26
ユルーリット辺境伯様は知っていた。
本当は私が誰であるのかを。
そのうえでユルーリット辺境伯様は私に事実を知らせないでいた。
「……知っていたのに、なぜ……?」
なぜ、私が誰かを知っていたのにユルーリット辺境伯様は教えてくれなかったのか。
私は、ユルーリット辺境伯様に問いを投げかける。
ユルーリット辺境伯様は穏やかな笑みを浮かべた。
「記憶を失っているのに、無理やり記憶を思い出させようとして何になると言うのだい?君は、真実を知ってしまえば記憶を思い出せないことを思い悩んだことだろう。君の身体はボロボロだったんだよ。無理はしてほしくなかった。こんな時くらいすべてを忘れてゆっくり静養して欲しかったのだよ。」
「ですが……。私は、お役目を……果たせなかった……。」
「大丈夫ですよ。ミスティア。あなたの代わりに私たちがアイリス王女殿下の行方を密かに探しております。まだ見つかってはおりませんが……。」
目の端の皺をくしゃりと歪ませて、ユルーリット辺境伯様はそうおっしゃった。
「……ありがとうございます。ユルーリット辺境伯様はアイリス王女殿下を保護してくださるのですか?」
「ああ。そうだね。正直なところ、リユーナイン王国のシャガ王子殿下が王位を継承されてはこちらとしても困ってしまうんだよ。シャガ王子殿下は傲慢で我が儘だからねぇ。うちの国にも火の粉がいつ飛んでくるかわかったものではない。対して何度かお会いして話をしたアイリス王女殿下は民のことを第一に考える聡明なお方だった。このお方がリユーナイン王国の時期王となられるのであれば、我が国も安心していられると思ったものだよ。」
「……そうでしたか。」
シャガ王子殿下の悪評は隣国まで届いていたようだ。
まあ、とは言ってもまだ私も記憶を思い出したわけではないので、シャガ王子殿下がどのような人物かわかっていないのだけれども。

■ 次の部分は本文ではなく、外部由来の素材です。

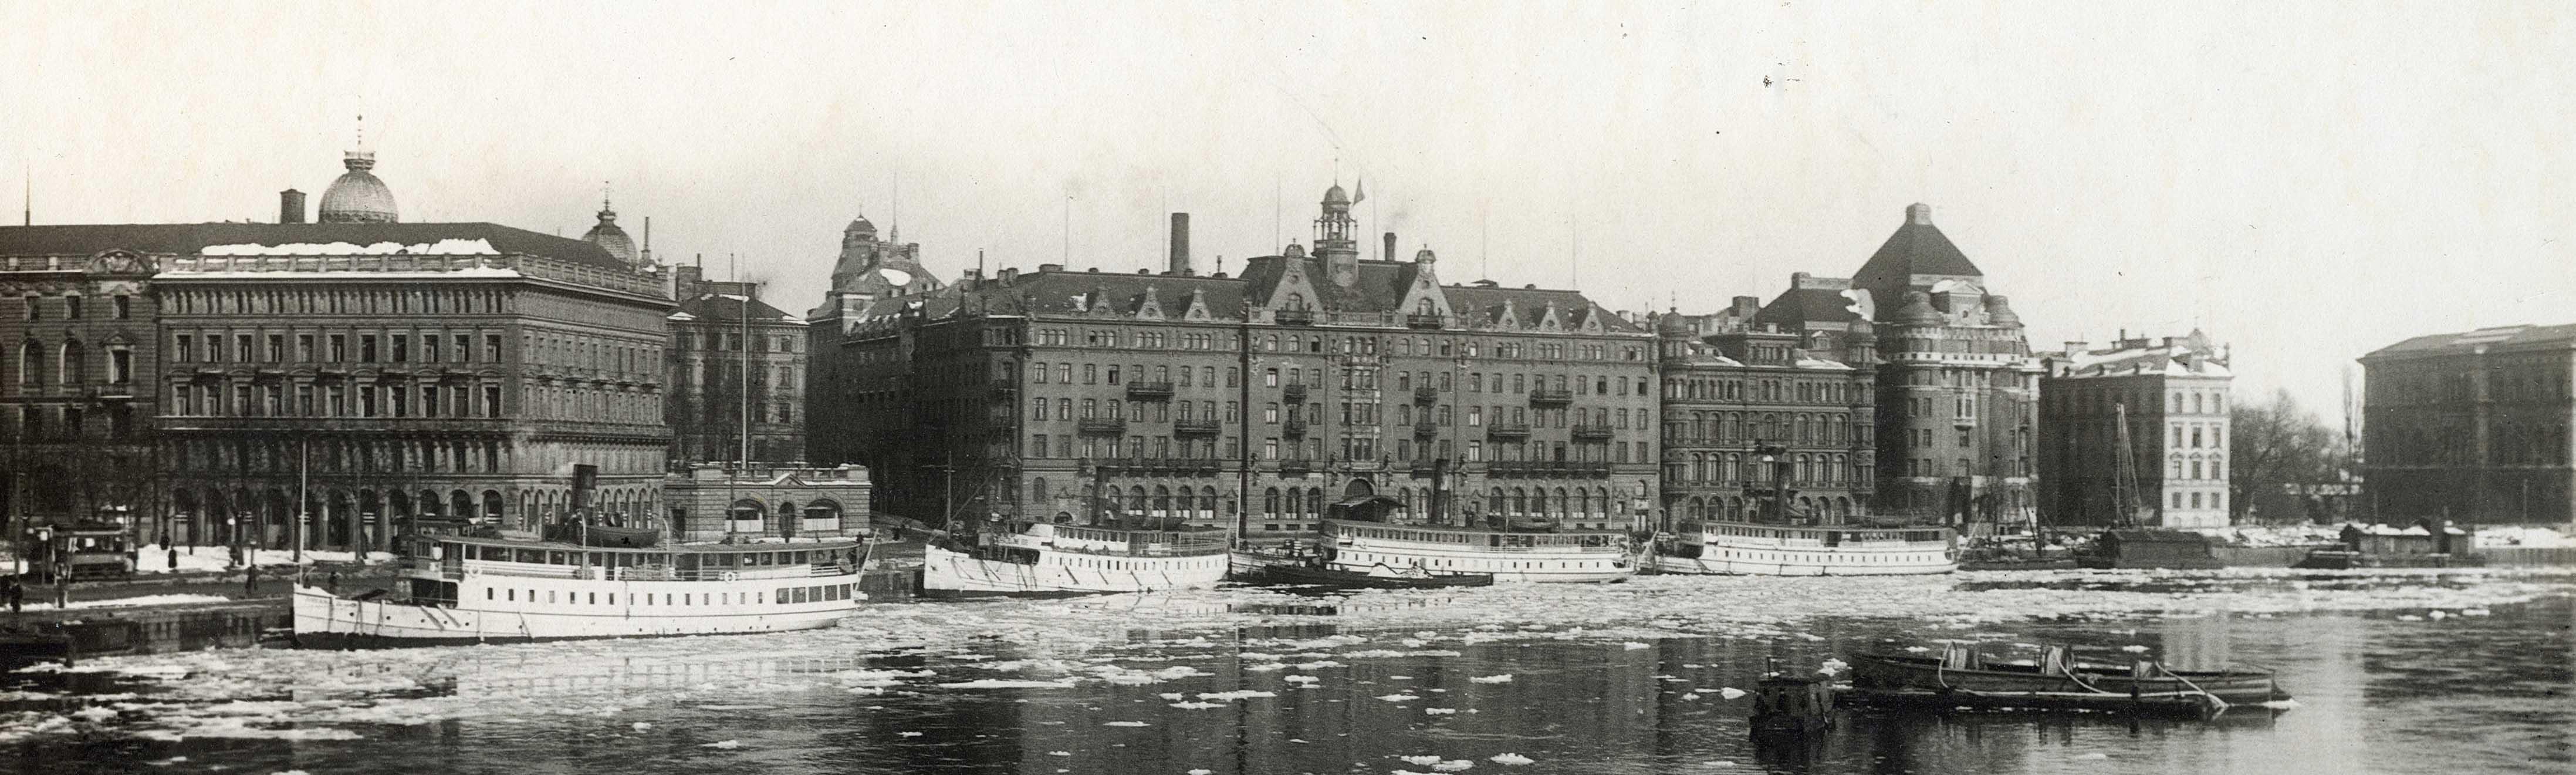 Rumslig arkitektur Stockholm

隣国まで届くような悪評がある時点であまり好ましい人物ではなさそうだ。
「アイリス王女殿下の行方はまだわからない。すまない。」
「いいえ。いいえ。アイリス王女殿下をお探しくださりありがとうございます。」
「いや、これは我が国にもかかわる問題だからな。ああ、そうだ。そう言えば、バルトが君の物だと思われるドレスを保管してある。後でバルトに見せてもらうといい。」
「……ドレス、ですか?」
「ああ。ドレスだ。おそらく君の物ではないかな。バルトが森で拾ったと言っていた。」
「は、はあ。」
バルトさんが、森で拾ったドレス?
それが私の物?
ユルーリット辺境伯様の言っていることが理解しがたかった。
私は瀕死の重傷を負っていた身だ。その時着ていたドレスというわけでもなさそうだ。
瀕死の重傷を負うような緊急事態にドレスなどを持ち歩いているだろうか。
にわかに信じがたい。
まあ、森で目が覚めるまでの記憶がないから状況が良く理解できていないけれど。おそらく私のものではない。そんな直感がした。
「バルト。小屋に案内してやってくれ。」
「はい。」
ユルーリット辺境伯様が声を部屋の外にかけると、バルトさんが返事をした。
どうやらバルトさんは部屋の外で待機していたらしい。
「ミスティア。さあ、バルトに案内してもらうといい。」
「……ありがとうございます。確認してきますわ。」
私はそう言って部屋を出て、部屋の外で待っていたバルトさんに声をかけた。
「よろしくお願いします。バルトさん。」
「ああ。ミスティアちゃん。こっちだよ。」
まだ多少気まずい空気が流れるものの、バルトさんは素直に私を案内してくれた。
バルトさんが案内してくれたのは、馬小屋から見えたあの小屋だった。
「ここに、洗濯してしまってある。けれど、あちらこちらボロボロになっていたし、すべての汚れを落とすことはできなかったんだ。」
「ああっ……。これは……このドレスはっ……。」
バルトさんが見せてくれたドレス。
それは実に覚えがあるドレスだった。
そのドレスを見た瞬間に失っていた記憶がとめどなく溢れだした。